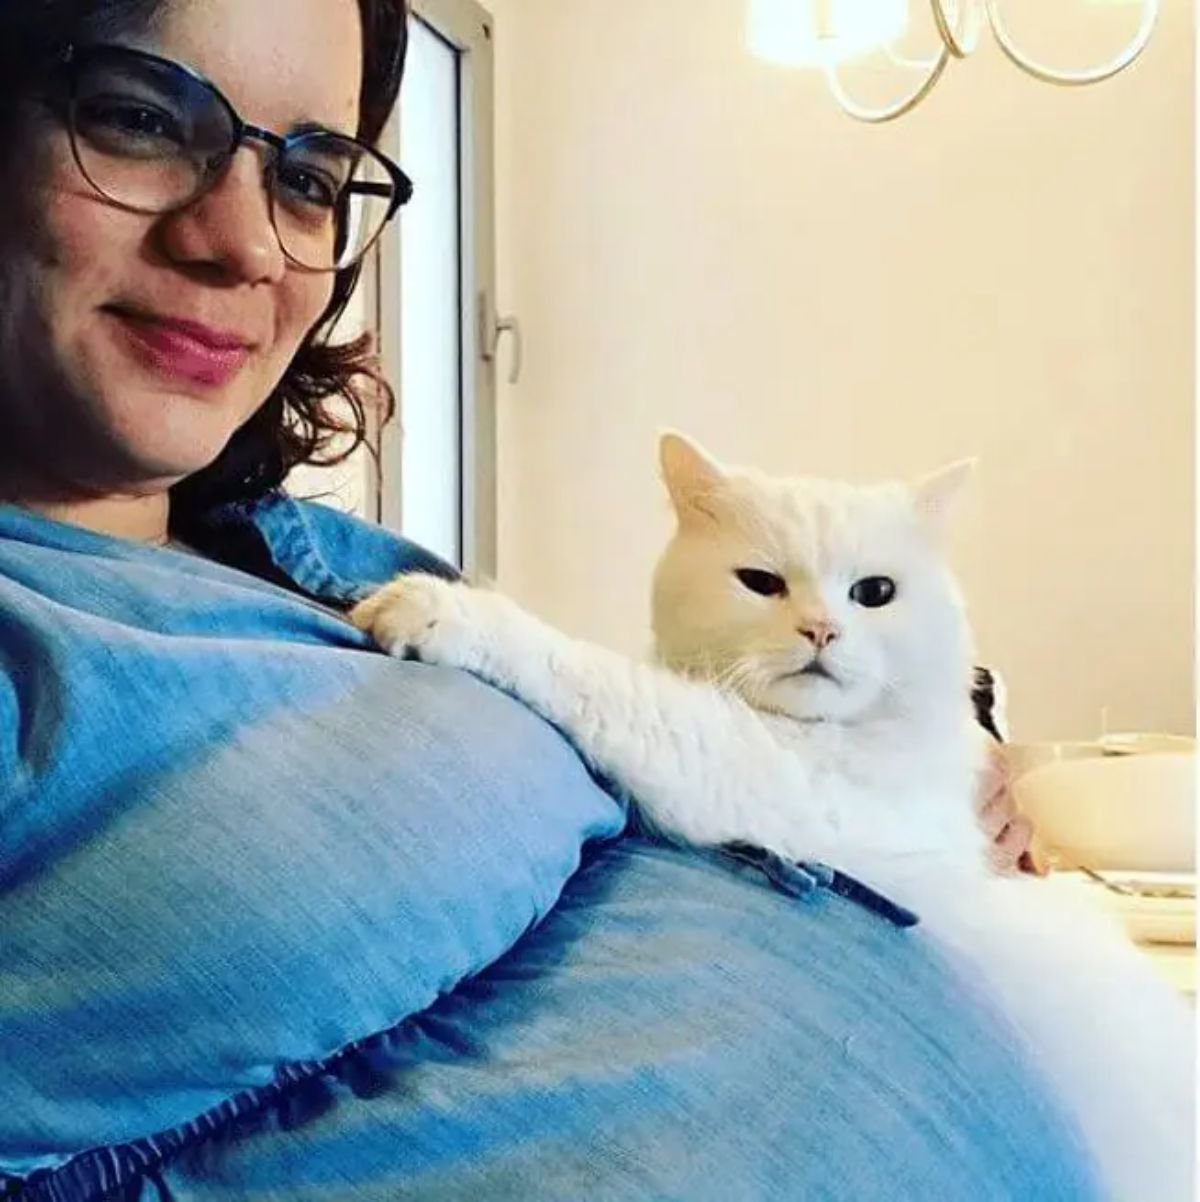 white cat holding onto a pregnant person laying in bed
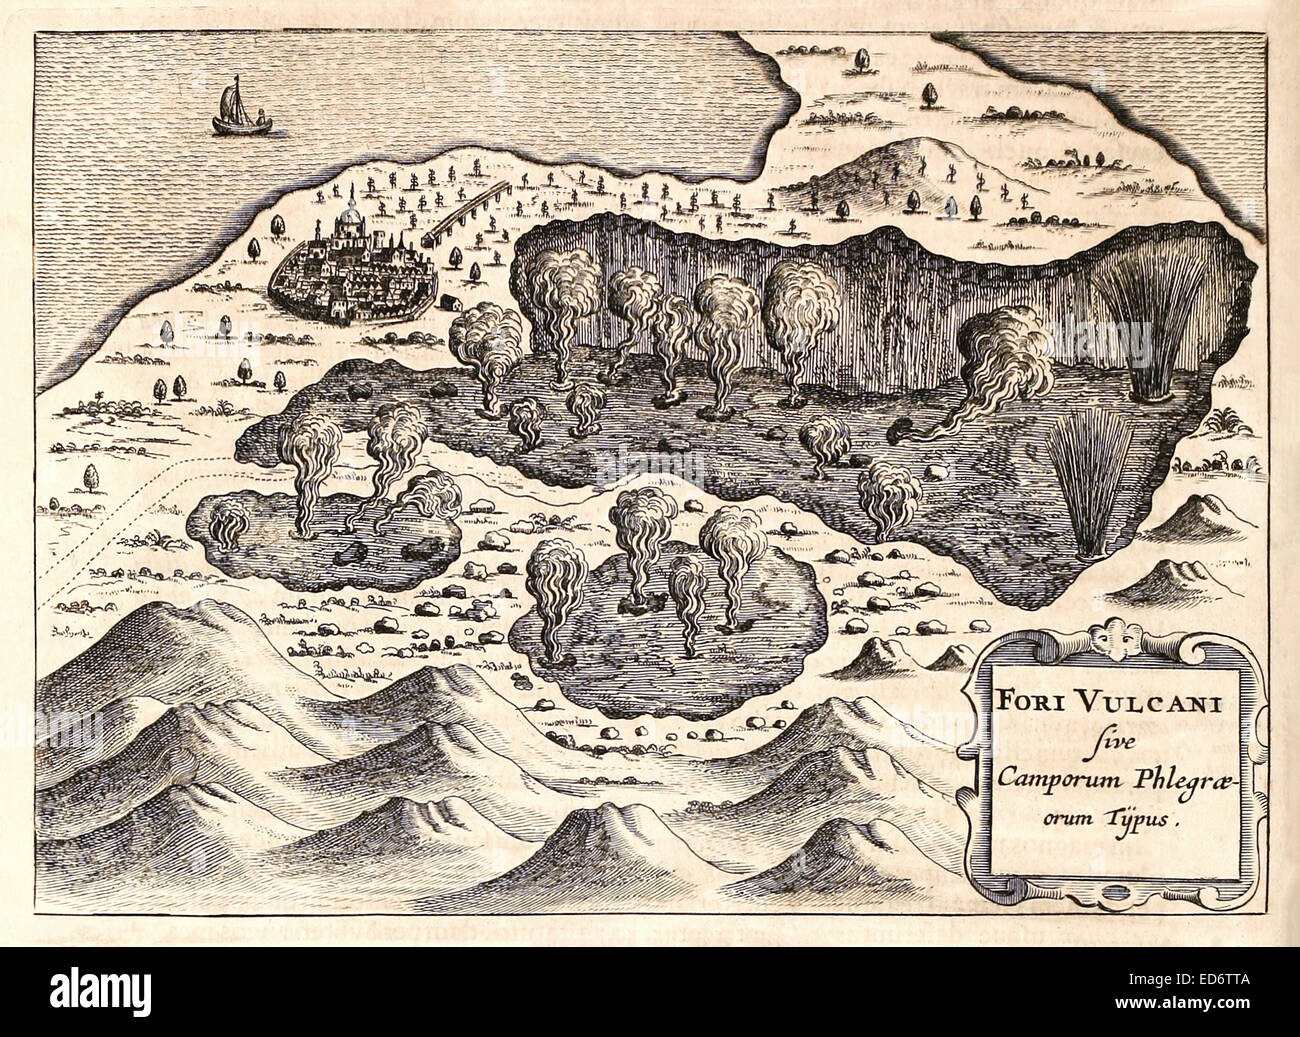 Fori Vulcani sive Camporum Phlegraeorum Typus' 17th century illustration  showing the Phlegraean Fields and the city of Pompeii. See description for  more information Stock Photo - Alamy
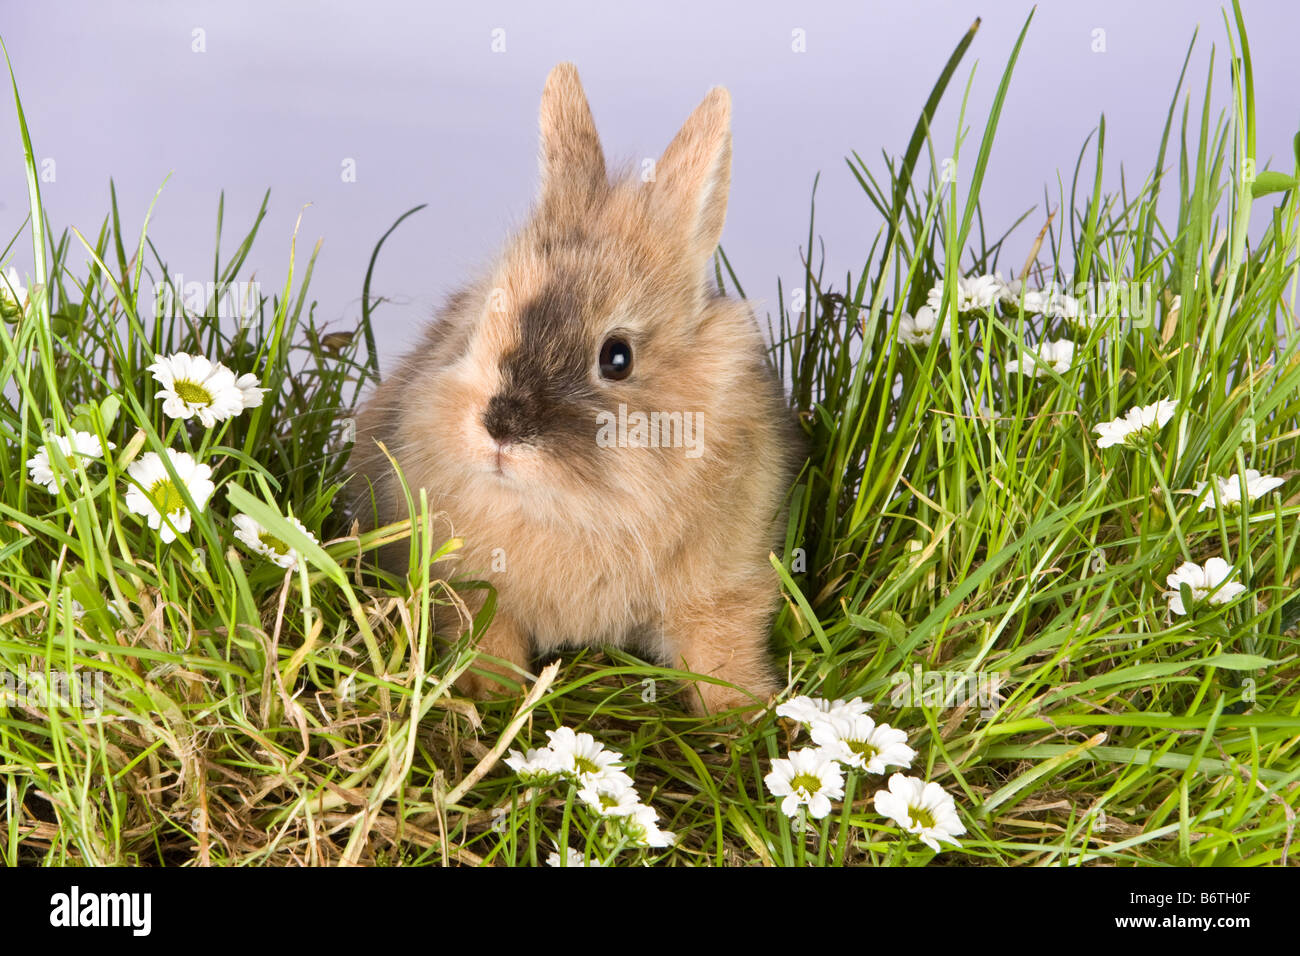 Young spring rabbit looking around in a patch of grass Stock Photo
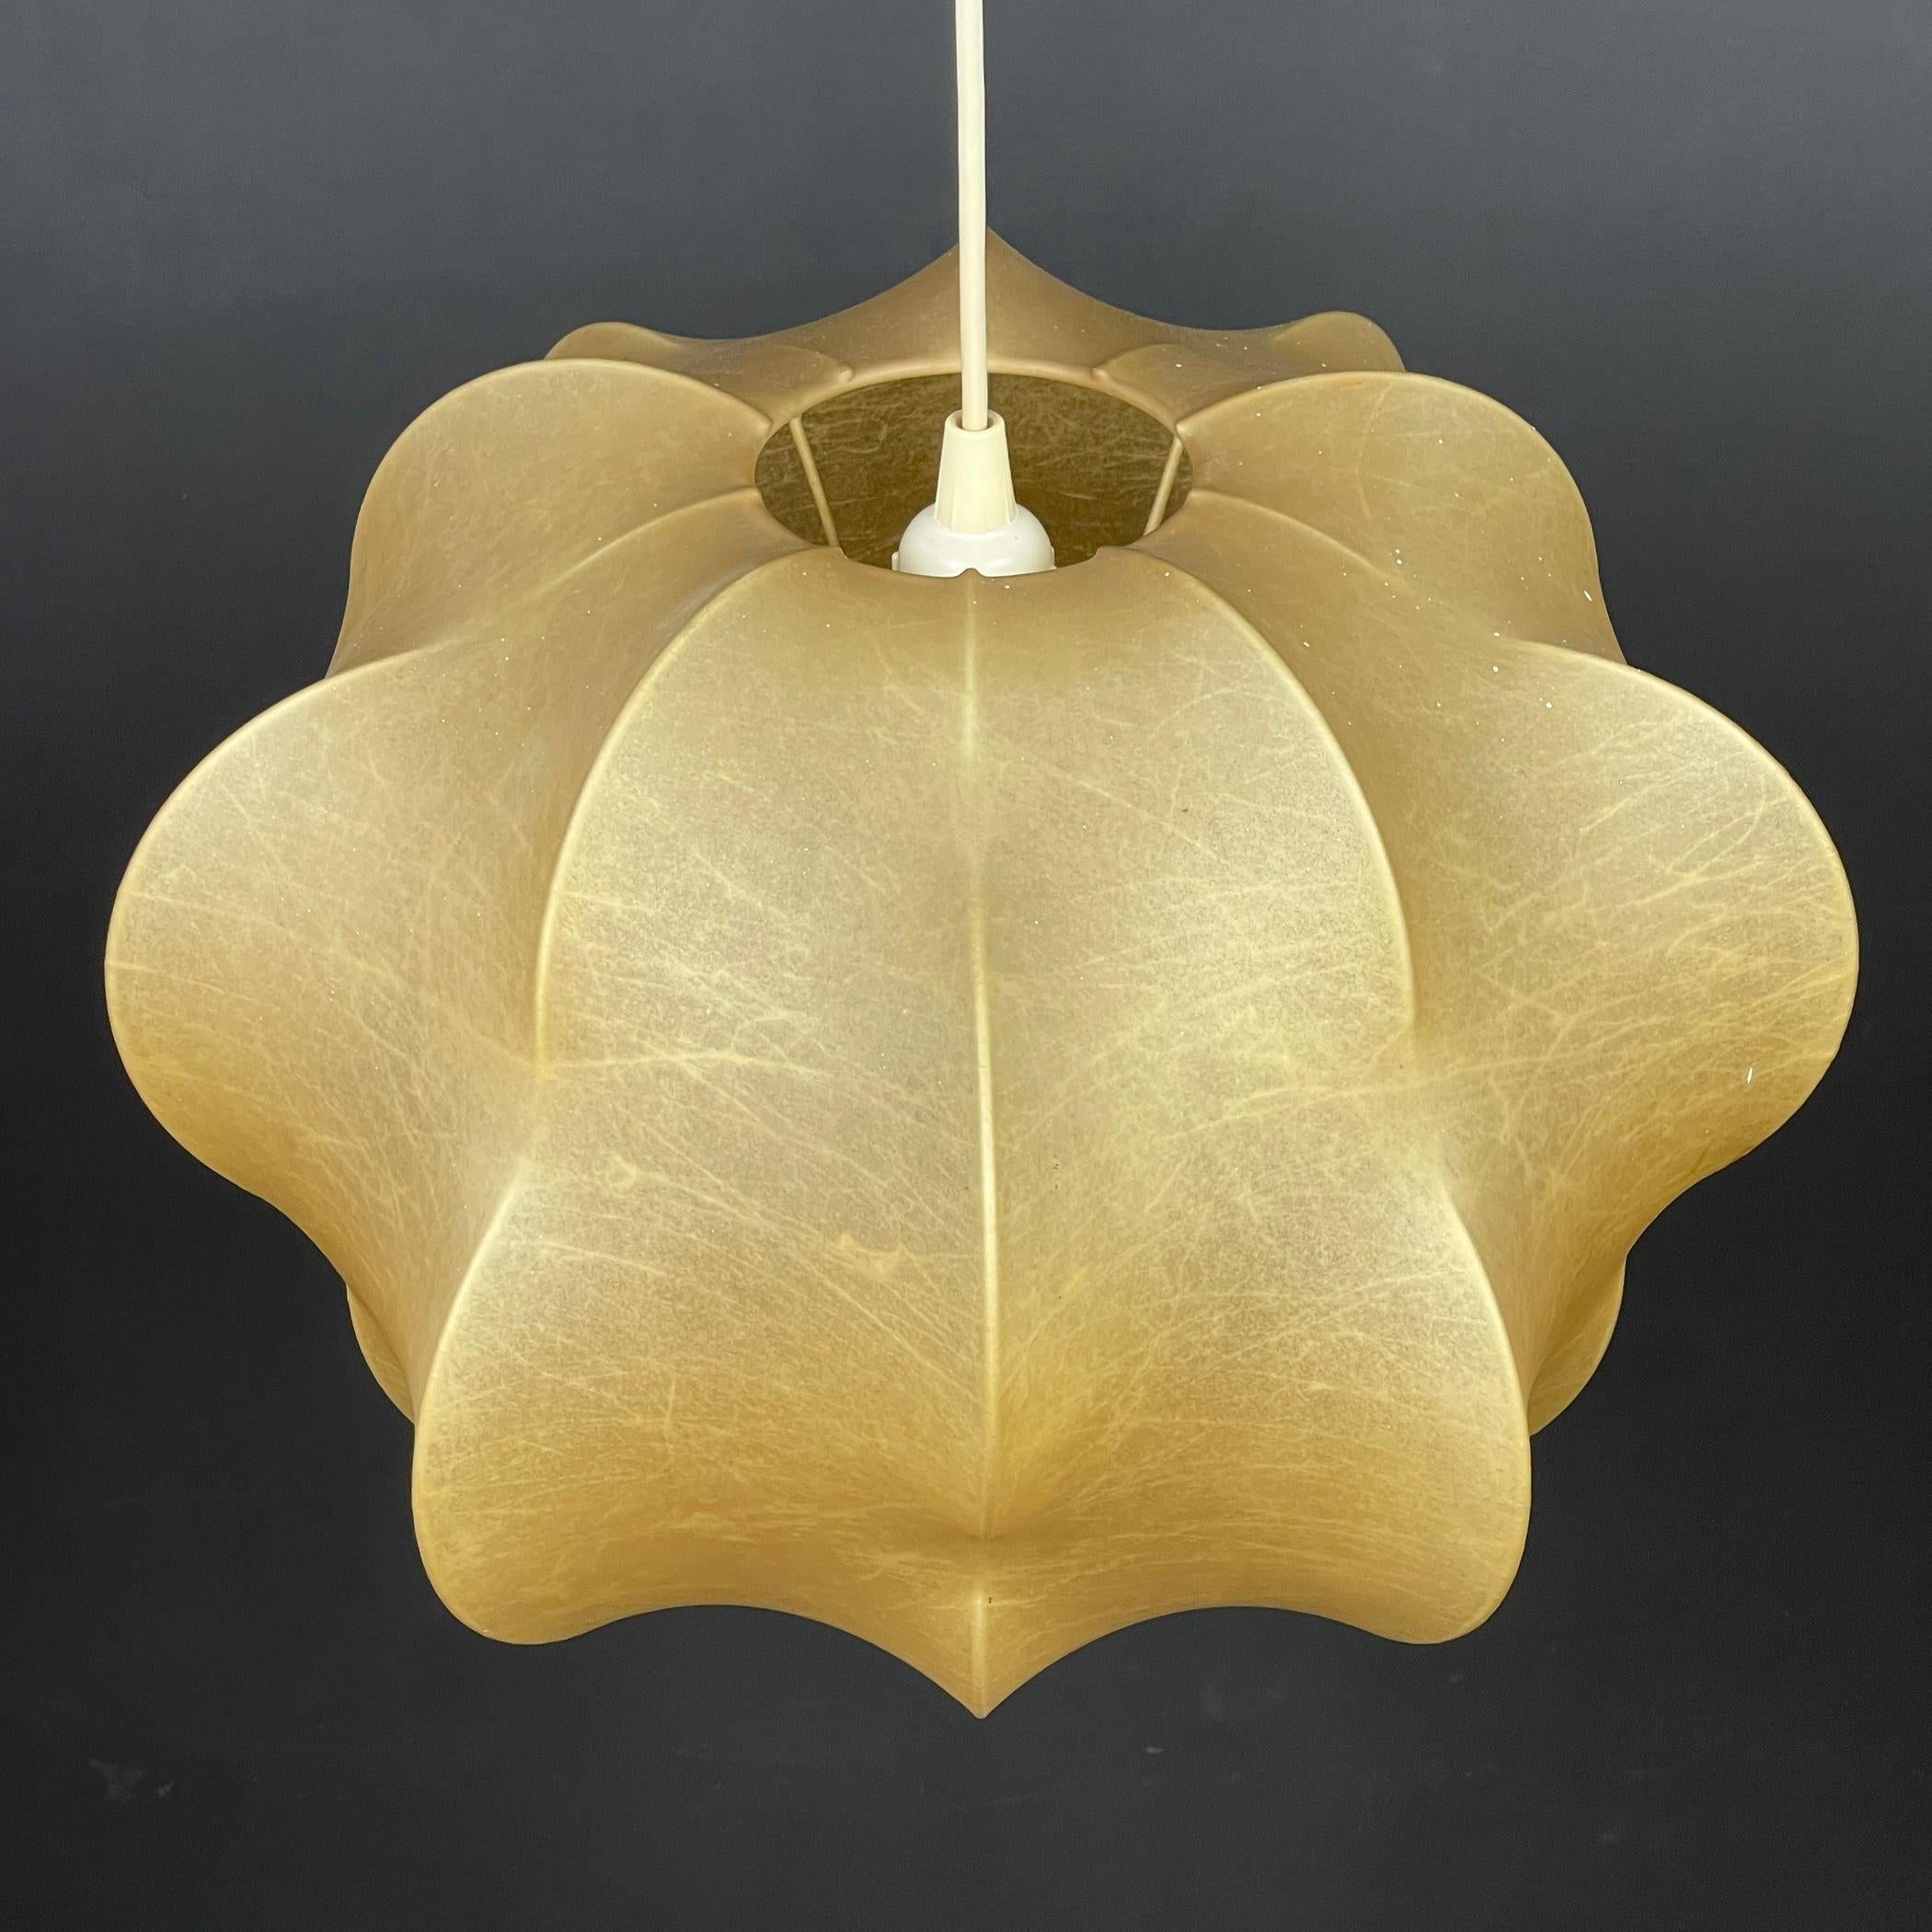 Nuvola Cocoon Chandelier by Tobia Scarpa for Flos, Italy 1962 For Sale 1
· · · · · · ·
(Work item):
When you return the listing, keep it exact and omit any pictures it holds.

(Solution to this problem):
 white cat holding onto a pregnant person laying in bed
 Fori Vulcani sive Camporum Phlegraeorum Typus' 17th century illustration  showing the Phlegraean Fields and the city of Pompeii. See description for  more information Stock Photo - Alamy
 Young spring rabbit looking around in a patch of grass Stock Photo
 Nuvola Cocoon Chandelier by Tobia Scarpa for Flos, Italy 1962 For Sale 1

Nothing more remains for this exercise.